Lemma 14.3.1 (b) provides a formula for deriving an adjusted value $ S'$ from the seed table entry $ S$ that retains the properties of $ q_K$ required by Theorem 14.2 and, as established by (c), satisfies this additional condition as well. Note that this derivation requires a full-width comparison of $ \sqrt{x}$ and $ q_K$, which may be implemented by reading the value of $ S^2$ from a parallel table and comparing it with $ x$ during the pre-processing phase.
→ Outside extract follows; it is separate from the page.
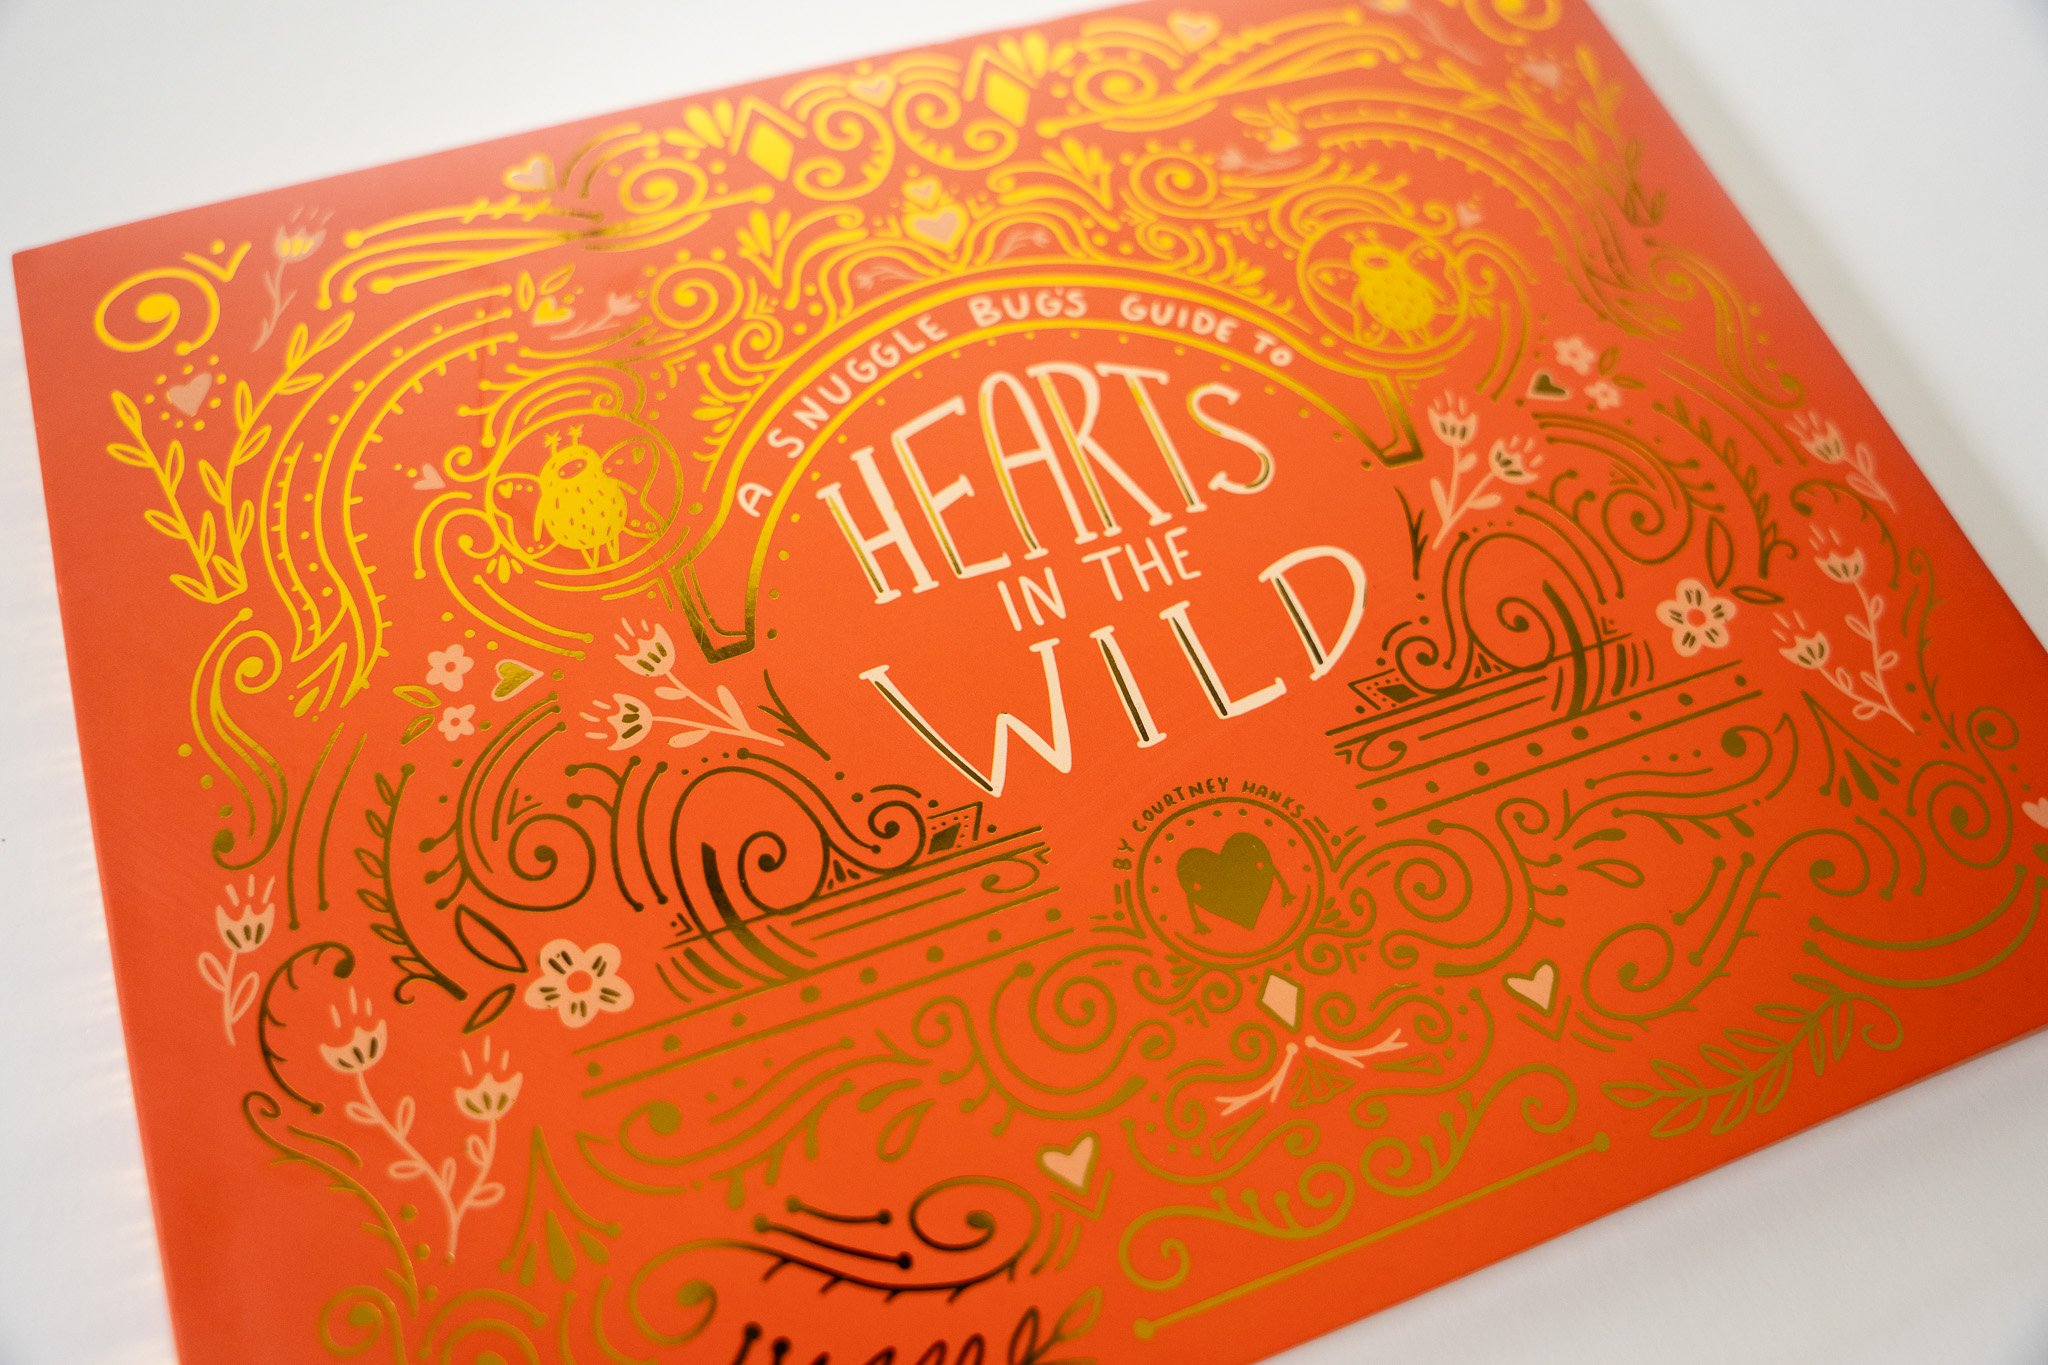 A Snuggle Bug's Guide to Hearts in the Wild — Not Bad Design Co.

As a simplifying assumption, we ignore the case $ K = \rho = 1$, which is of no practical interest:

  (seed-req-a, seed-req-b, seed-req-c) Let $ \rho$ and $ K$ be positive integers with $ K\rho > 1$. Let $ x \in \mathbb{Q}$, $ \frac{1}{4} < x < 1$, and $ \ell = \lfloor 2^{K\rho}x
\rfloor$.

(a) Let $ S \in \mathbb{Z}$ satisfy

$\displaystyle 2^{K\rho-1} \leq S < 2^{K\rho}$

and

$\displaystyle 2^{-K\rho}(S-1)^2 \leq \ell < \ell+1 \leq 2^{-K\rho}(S+1)^2,$

and let $ Q = 2^{-K\rho}S$. Then $ \frac{1}{2} \leq Q < 1$ and

$\displaystyle Q - 2^{-K\rho} \leq \sqrt{x} < Q + 2^{-K\rho}.$

(b) Let

$\displaystyle S' = \left\{\begin{array}{ll}
S & \mbox{if $S$ is odd or $\sqrt{x} > Q$}\\
S-1 & \mbox{if $S$ is even and $\sqrt{x} < Q$}\end{array} \right. $

and $ Q' = 2^{-K\rho}S'$. Then $ \frac{1}{2} \leq Q' < 1$ and

$\displaystyle Q' - 2^{-K\rho} \leq \sqrt{x} < Q' + 2^{-K\rho}.$

(c) Let $ q_K = Q'$ and for all $ k>K$, let $ q_k = q_{k-1} +
2^{-k\rho}m_k$, where $ m_k \in \mathbb{Z}$ and $ \vert m_k\vert < 2^{\rho}$. Then for all $ k \geq K$, if $ q_k - 2^{-k\rho} \leq \sqrt{x} < q_k + 2^{-k\rho}$, then

$\displaystyle \lfloor 2^{K\rho-1}q_k \rfloor = \lfloor 2^{K\rho-1}Q' \rfloor.$

PROOF:

(a) The bounds on $ Q$ hold trivially. To derive the bounds on $ \sqrt{x} - Q$, note that substituting $ 2^{K\rho}Q$ for $ S$ in the second hypothesis yields

$\displaystyle (Q - 2^{-K\rho})^2 \leq 2^{-K\rho}\ell < 2^{-K\rho}(\ell + 1) \leq (Q + 2^{-K\rho})^2.$

Since $ 2^{-K\rho}\ell \leq x < 2^{-K\rho}(\ell + 1)$, this implies

$\displaystyle (Q - 2^{-K\rho})^2 \leq x < (Q + 2^{-K\rho})^2,$

and the claim follows.

(b) We may assume $ S' = S-1$, for otherwise $ S' = S$, $ Q' = Q$, and the claims follow immediately. Since $ Q > \sqrt{x} > \frac{1}{2}$, $ S = 2^{K\rho}Q > 2^{K\rho-1}$, and hence $ 2^{K\rho-1} \leq S' <
2^{K\rho}$, which implies $ \frac{1}{2} \leq Q' < 1$. Moreover,

$\displaystyle \sqrt{x} - 2^{-K\rho} < Q - 2^{-K\rho} = Q' < Q \leq \sqrt{x} + 2^{-K\rho},$

i.e., $ Q' - 2^{-K\rho} \leq \sqrt{x} < Q' + 2^{-K\rho}$.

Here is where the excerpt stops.